[GIVEN DATA Boundary: Start]

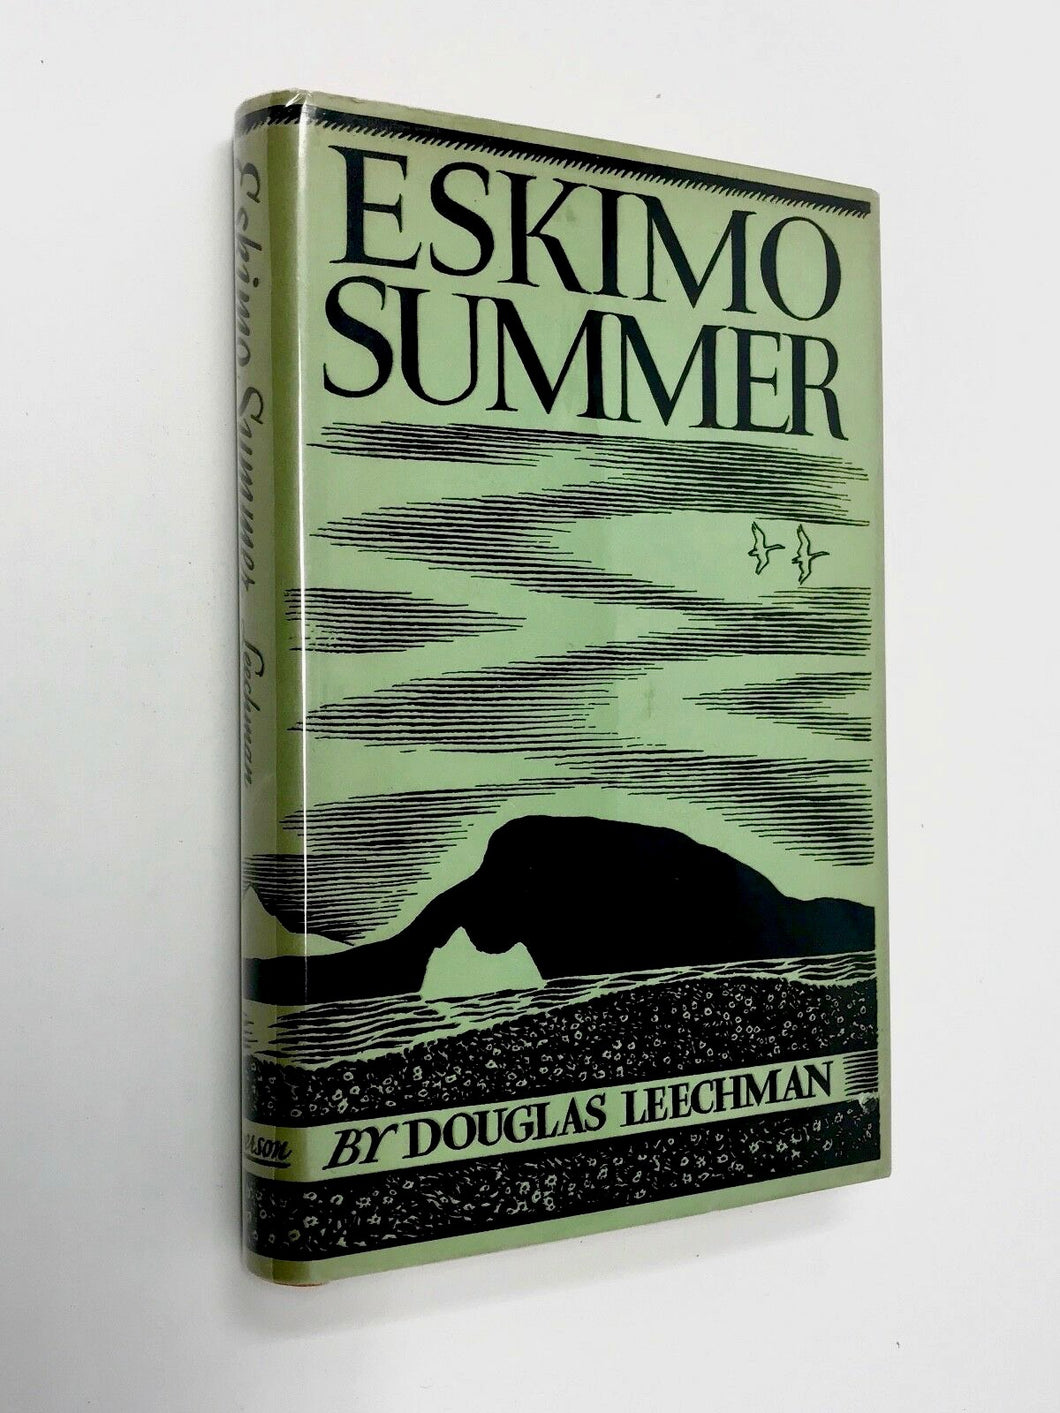 ESKIMO SUMMER - DOUGLAS LEECHMAN - RYERSON PRESS
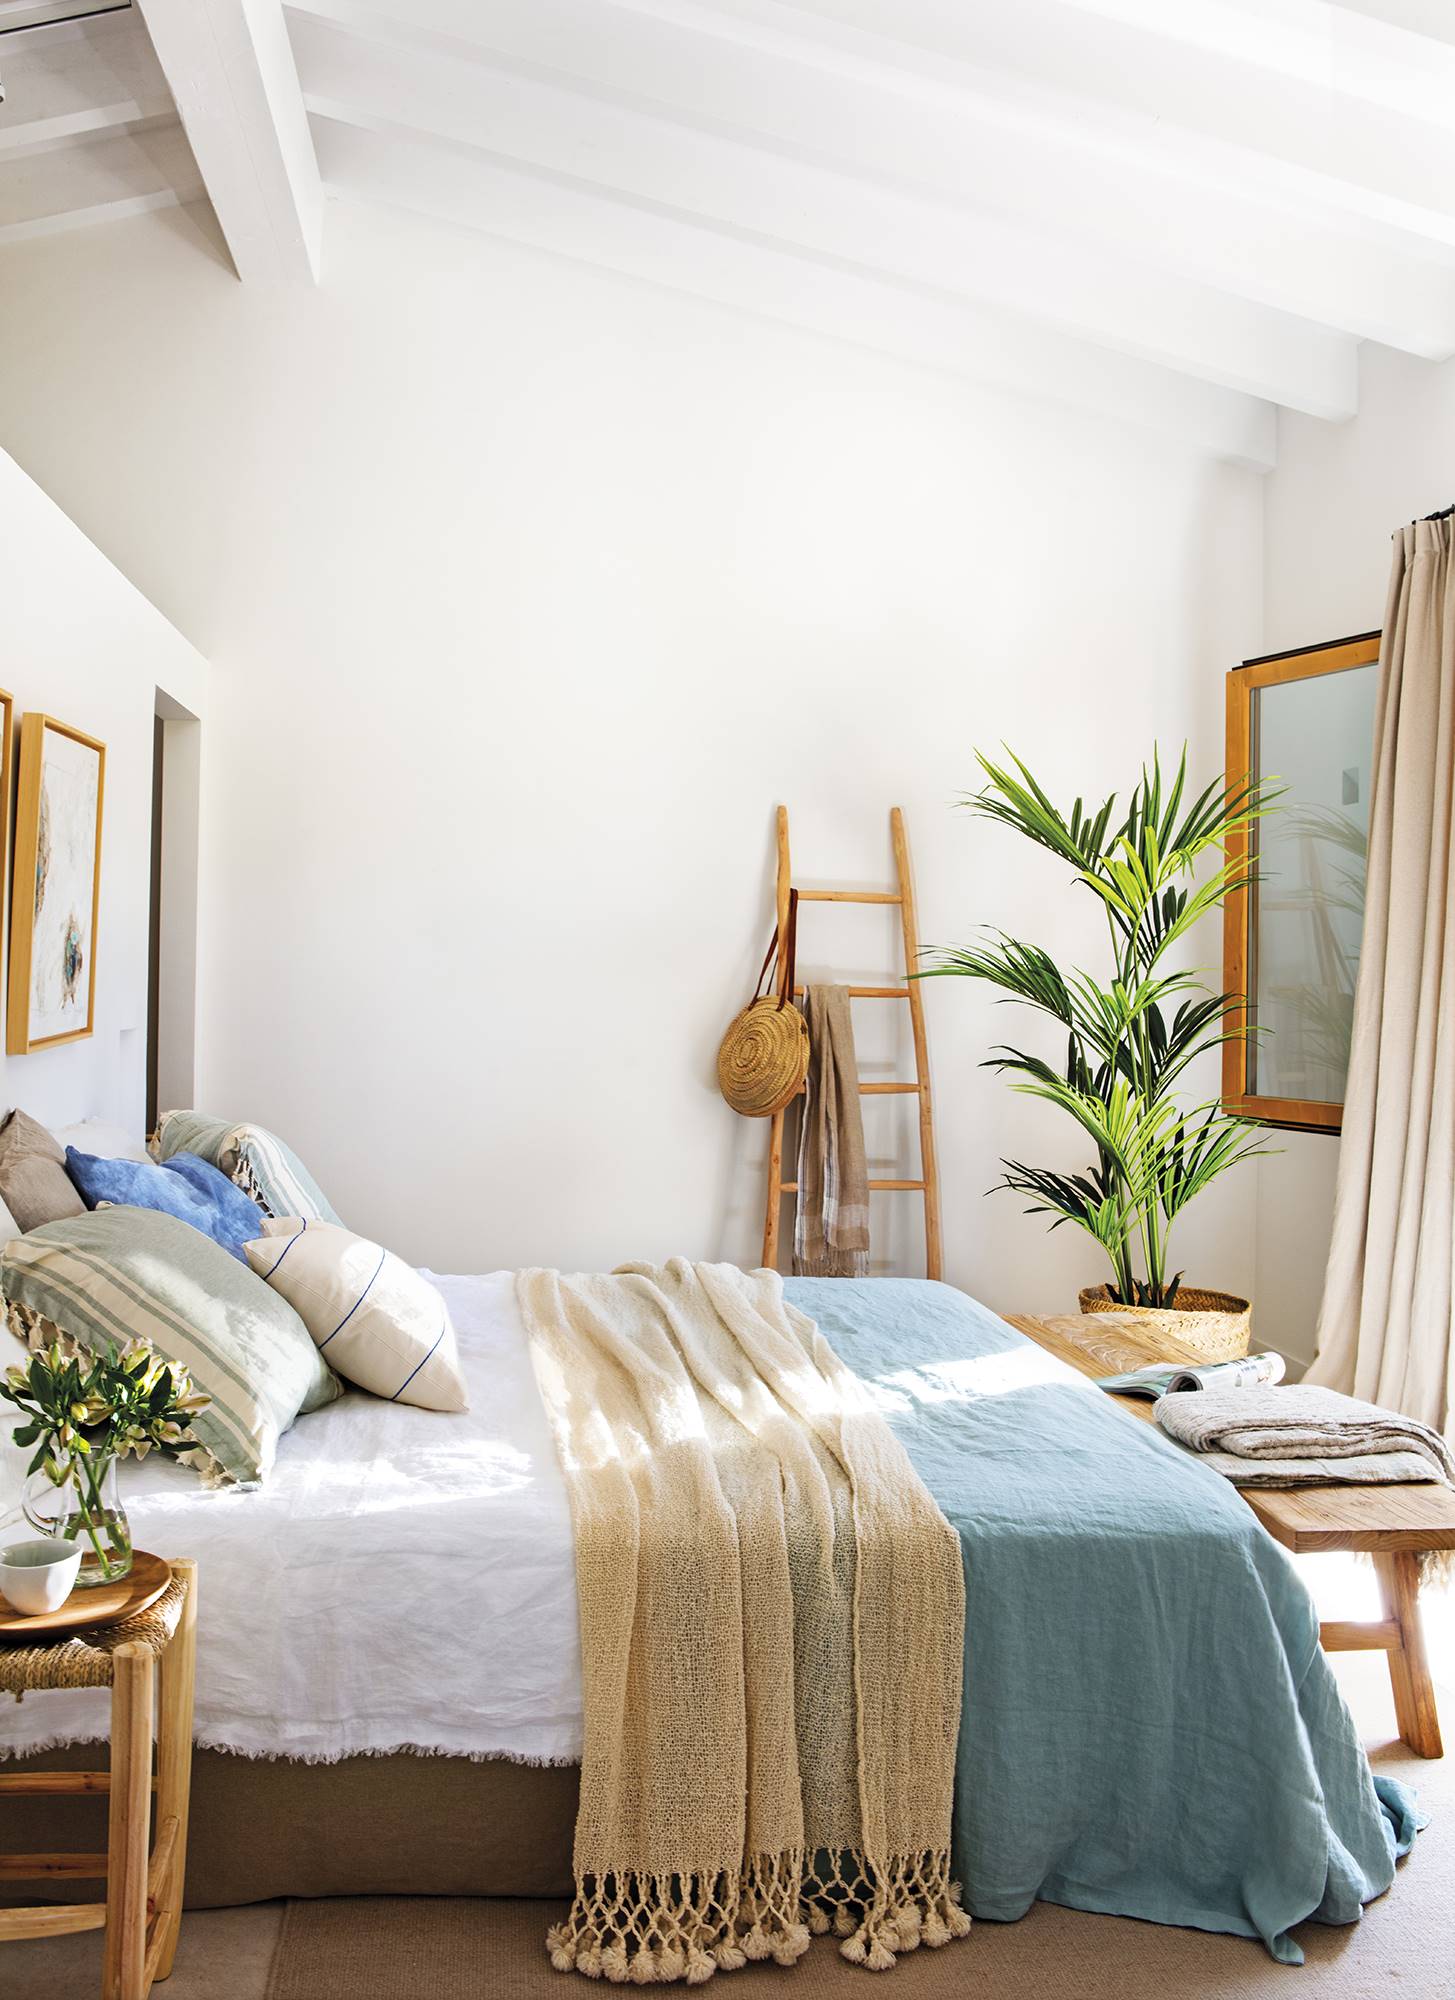 Dormitorio con textiles de cama en beige y azul, taburete como mesilla de noche, banco de madera a los pies y escalera decorativa
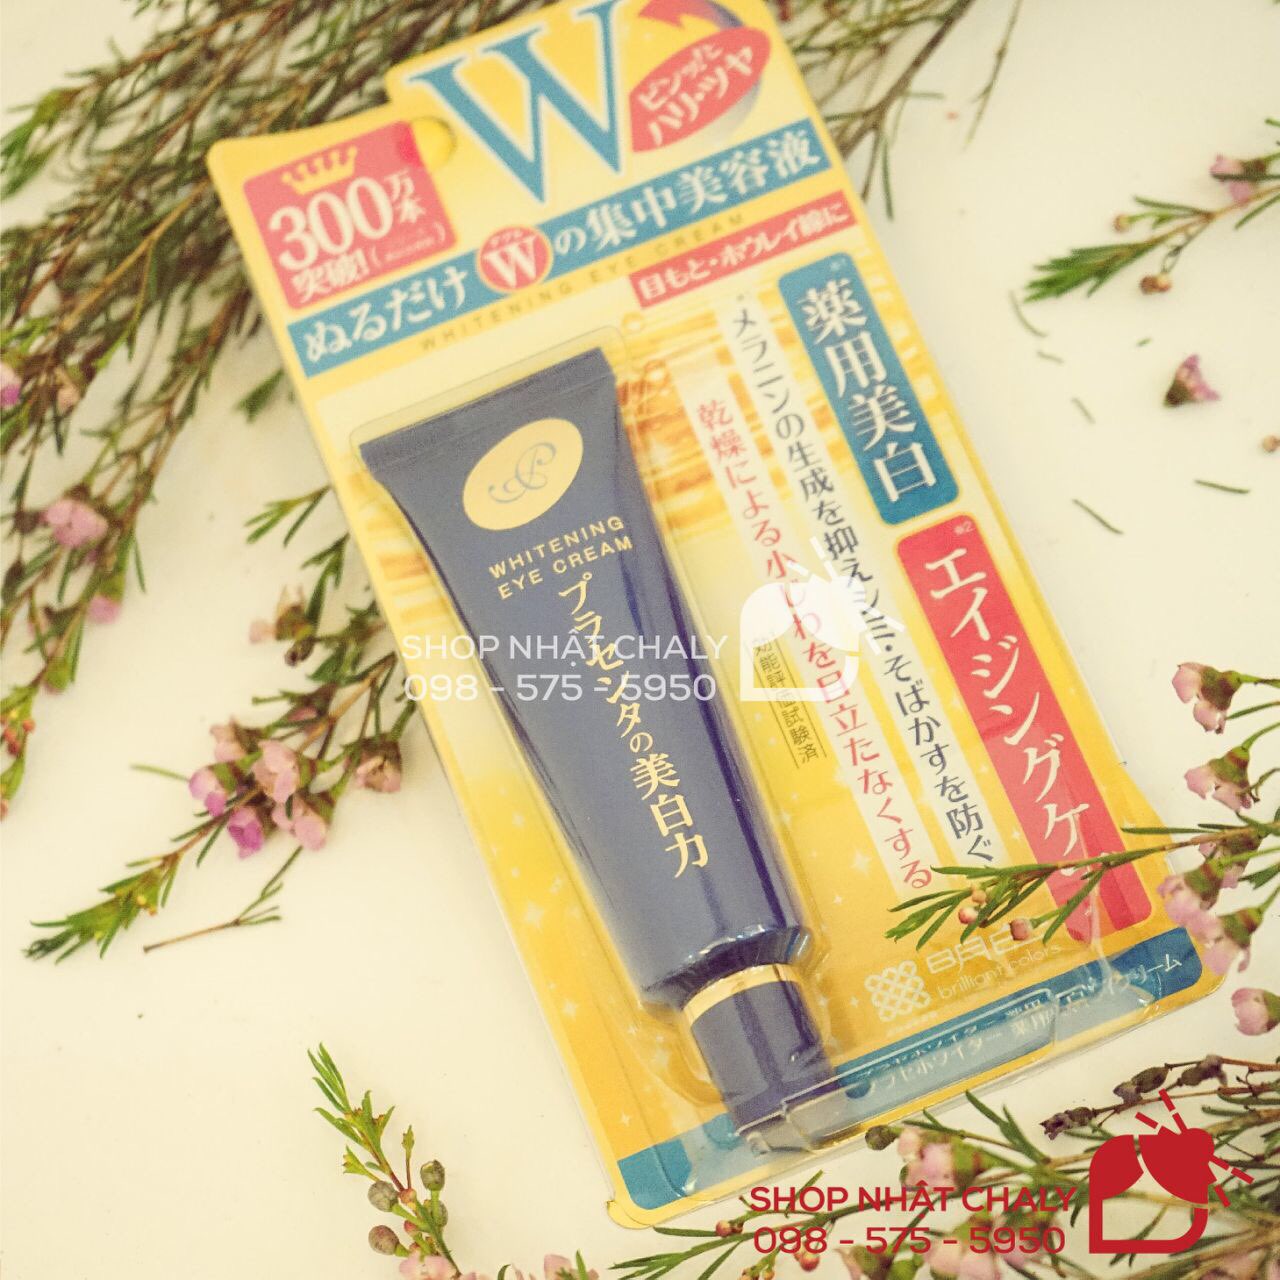 Kem trị thâm mắt meishoku whitening eye cream review cực cao trên Cosme Ranking, liên tục lọt top kem mắt đa năng tốt nhất tại Nhật Bản

[GIVEN DATA Boundary: End]

# [ACTIVITY]
Omit the pictures and repeat the rest of the listing verbatim.

# [THE COMPLETED TASK]
 ESKIMO SUMMER - DOUGLAS LEECHMAN - RYERSON PRESS
 Dormitorio con textiles de cama en beige y azul, taburete como mesilla de noche, banco de madera a los pies y escalera decorativa
 Kem trị thâm mắt meishoku whitening eye cream review cực cao trên Cosme Ranking, liên tục lọt top kem mắt đa năng tốt nhất tại Nhật Bản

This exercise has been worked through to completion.